A ces différents syndromes
s'ajoutent plusieurs théories, jugées peu crédibles par les historiens :
empoisonnement au mercure par Salieri ; assassinat par les
francs-maçons, furieux de voir leurs rites dévoilés dans la Flûte
enchantée ; ou absorption de potions médicinales dangereuses (liqueur
de Van Swieten).
En réalité, la légende de
l'assassinat de Mozart par Salieri relève de l'imagerie romantique,
ayant été présentée pour la première fois dans Mozart et Salieri,
pièce de théâtre de l'écrivain russe Alexandre Pouchkine, publiée
en 1830. Très populaire en Russie, elle fut adaptée à l'opéra à la fin
du XIX° siècle. Plus tard, en 1979, le Britannique Peter Schaffer
s'inspira de l'ouvrage de Pouchkine pour composer la pièce de théâtre
Amadeus, qui fut adaptée au cinéma dès 1984, sous le nom de Peter
Schaffer's Amadeus.
Dans ce film acclamé par la
critique, qui reçut 40 récompenses dont huit Oscars, Salieri est
présenté comme un compositeur talentueux, mais médiocre face au talent
inégalé de Mozart, qu'il déteste et admire à la fois. Dans cette œuvre,
c'est Salieri qui commande le fameux Requiem, que Mozart s'épuisa à
composer. A la fin du film, le kapellmeister n'est donc pas directement
responsable de la mort de son rival, mais en porte néanmoins une part de
responsabilité.
Toutefois, il convient de
préciser que la réalité est bien différente de cette légende noire.

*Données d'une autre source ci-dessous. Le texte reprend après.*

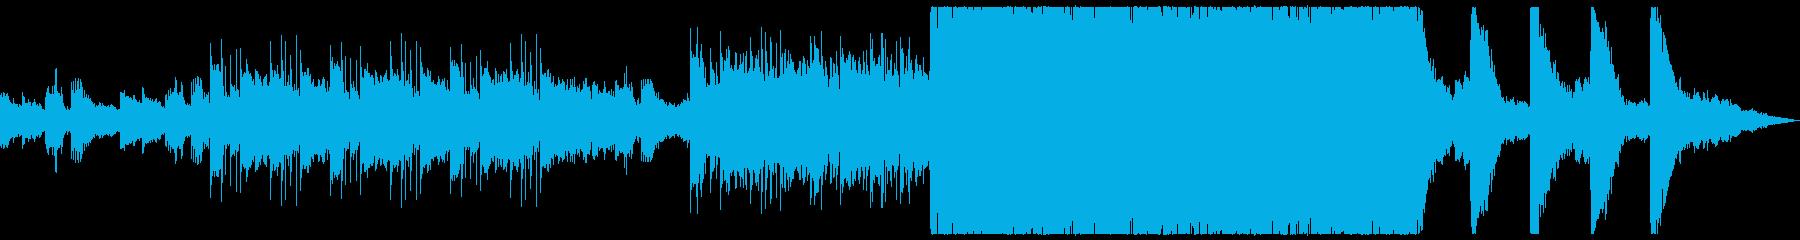 壮大でシンプルなトレーラー系BGMの再生済みの波形

Si Salieri éprouva sans doute de la jalousie à l'égard du jeune
prodige, suite à l'arrivée de ce dernier à Vienne, les deux hommes
entretinrent des relations rivales mais néanmoins amicales.
En effet, Salieri conserva
jusqu'à sa mort, en 1825, son poste de kapellmeister, restant
pendant longtemps un personnage puissant à Vienne. Par ailleurs, si
l'œuvre de Salieri est aujourd'hui largement méconnue du grand
public, ce compositeur remporta de bien plus grands succès que son
rival, jouant ses opéras dans les principales Cours d'Europe
(Milan, Paris, Rome, Venise, Versailles, Vienne, etc.).
Ainsi, contrairement à ce que
l'on pourrait penser, Salieri fit tout son possible pour faire
connaître la musique de Mozart, à une époque où le public viennois
avait une nette préférence pour les compositeurs italiens (c'est
ainsi qu'il proposa Mozart pour la composition de La clémence de
Titus, opéra à l'origine commandé à Salieri). Par ailleurs, il fit
partie des cinq personnes présentes lors de l'enterrement de Mozart,
et fut le professeur de musique du jeune Franz Xaver Wolfgang
Mozart, dernier fils du défunt.
Enfin, il ne fut pas le
commanditaire secret du fameux Requiem, ce dernier ayant été
commandé par le fils du maire de Vienne de l'époque, pour le compte
de Franz de Walsegg, un aristocrate autrichien .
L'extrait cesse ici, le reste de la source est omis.